▸ **Exercise requirements**:
Leave out the pictures and retype, exactly, the lines below from the line with "Investment in Sub-Saharan" up to and including the line with "ssn-786 uss illinois", nothing more.

▸ **Data extract**:
::::::::::

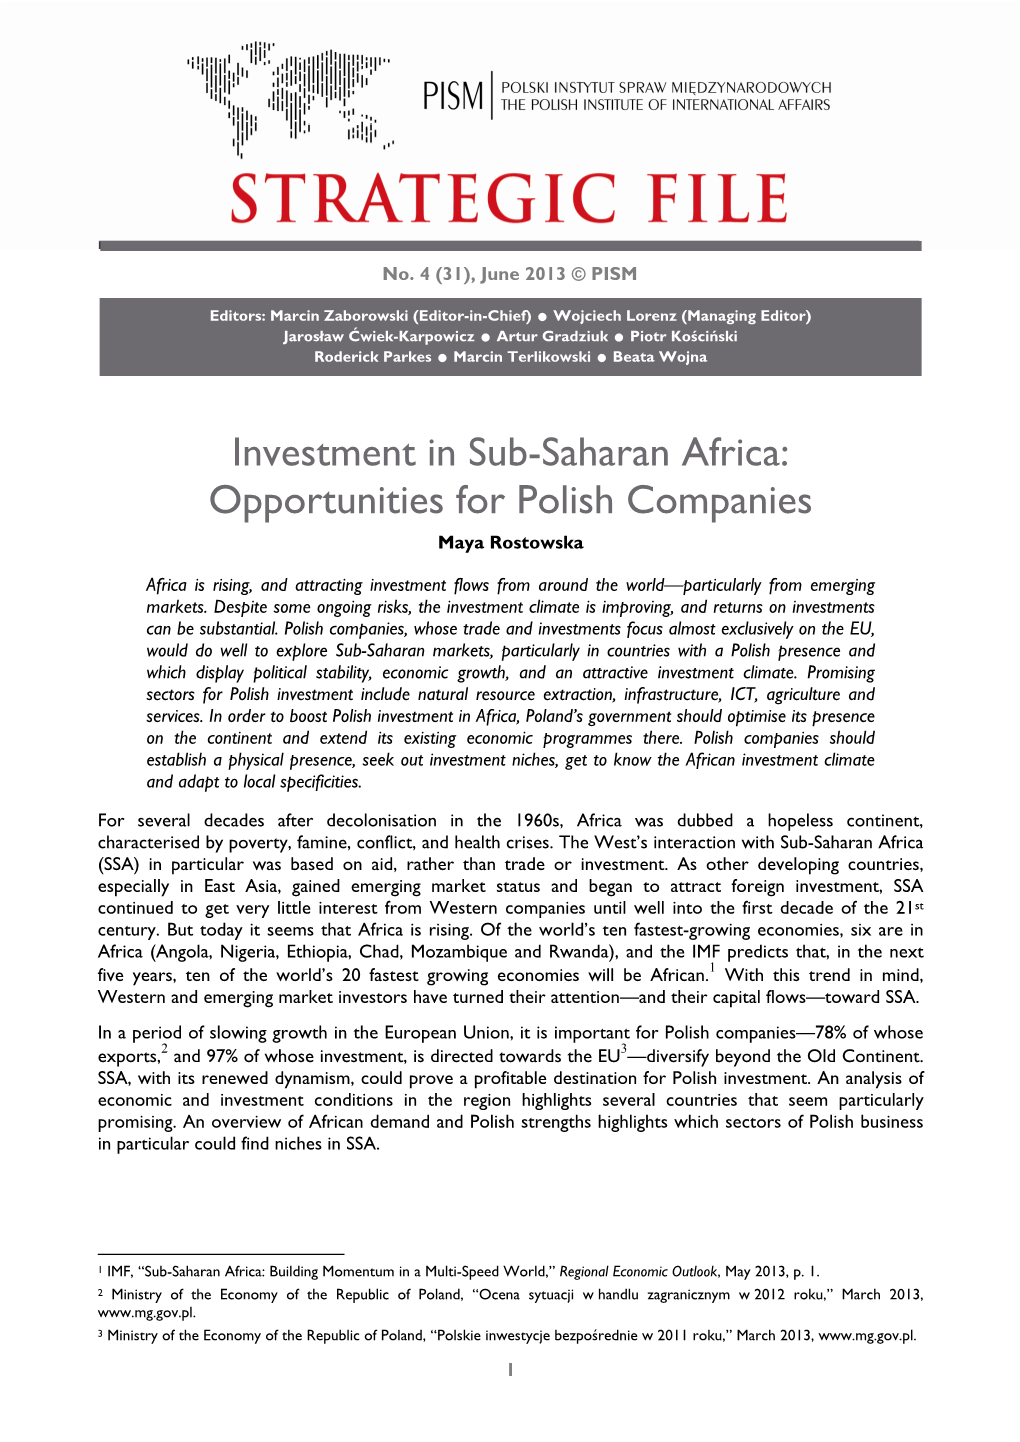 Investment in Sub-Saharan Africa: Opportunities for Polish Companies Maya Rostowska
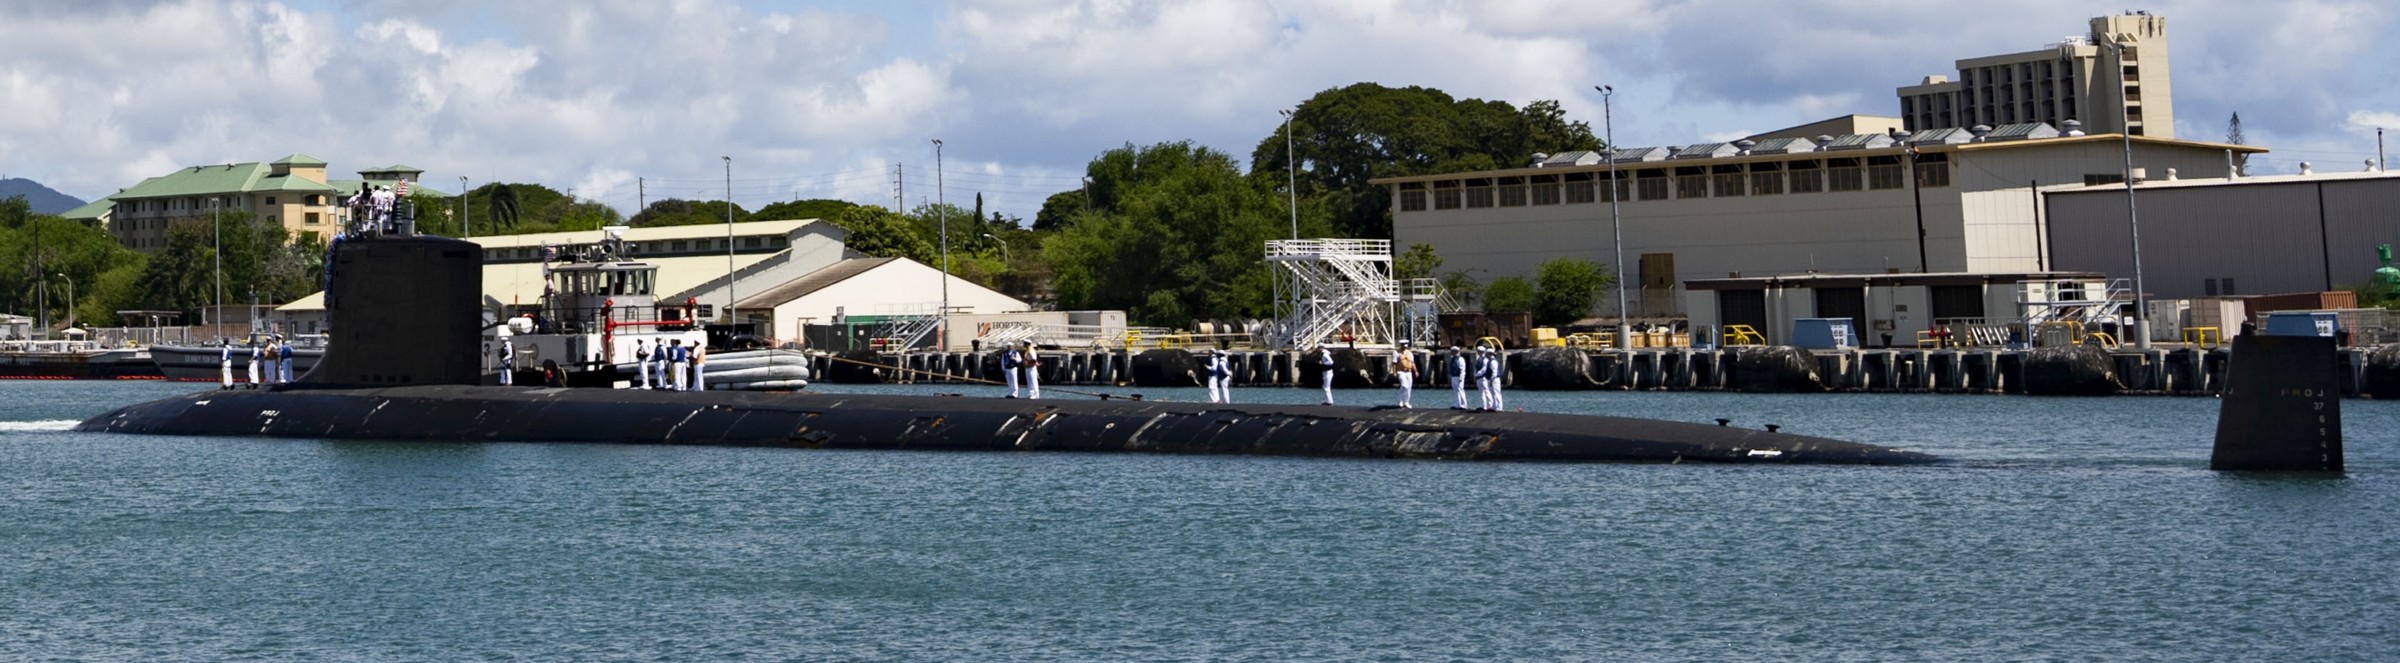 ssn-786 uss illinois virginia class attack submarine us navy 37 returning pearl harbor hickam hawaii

::::::::::

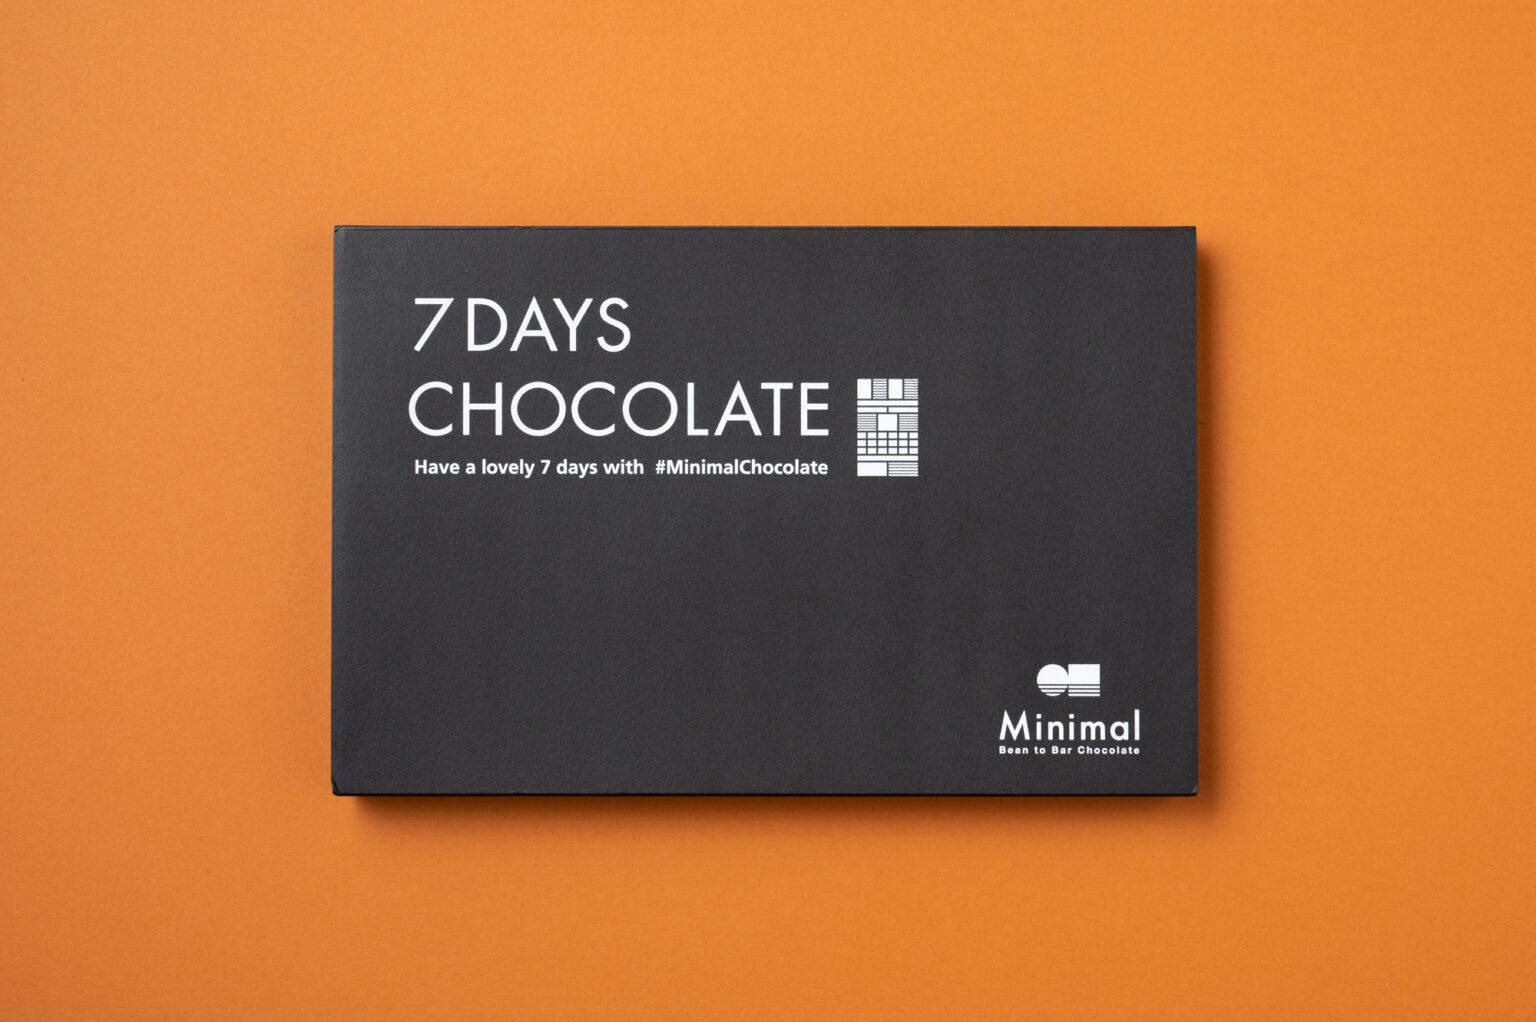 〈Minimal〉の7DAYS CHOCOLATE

::::::::::

▸ **Solved problem**:
 Investment in Sub-Saharan Africa: Opportunities for Polish Companies Maya Rostowska
 ssn-786 uss illinois virginia class attack submarine us navy 37 returning pearl harbor hickam hawaii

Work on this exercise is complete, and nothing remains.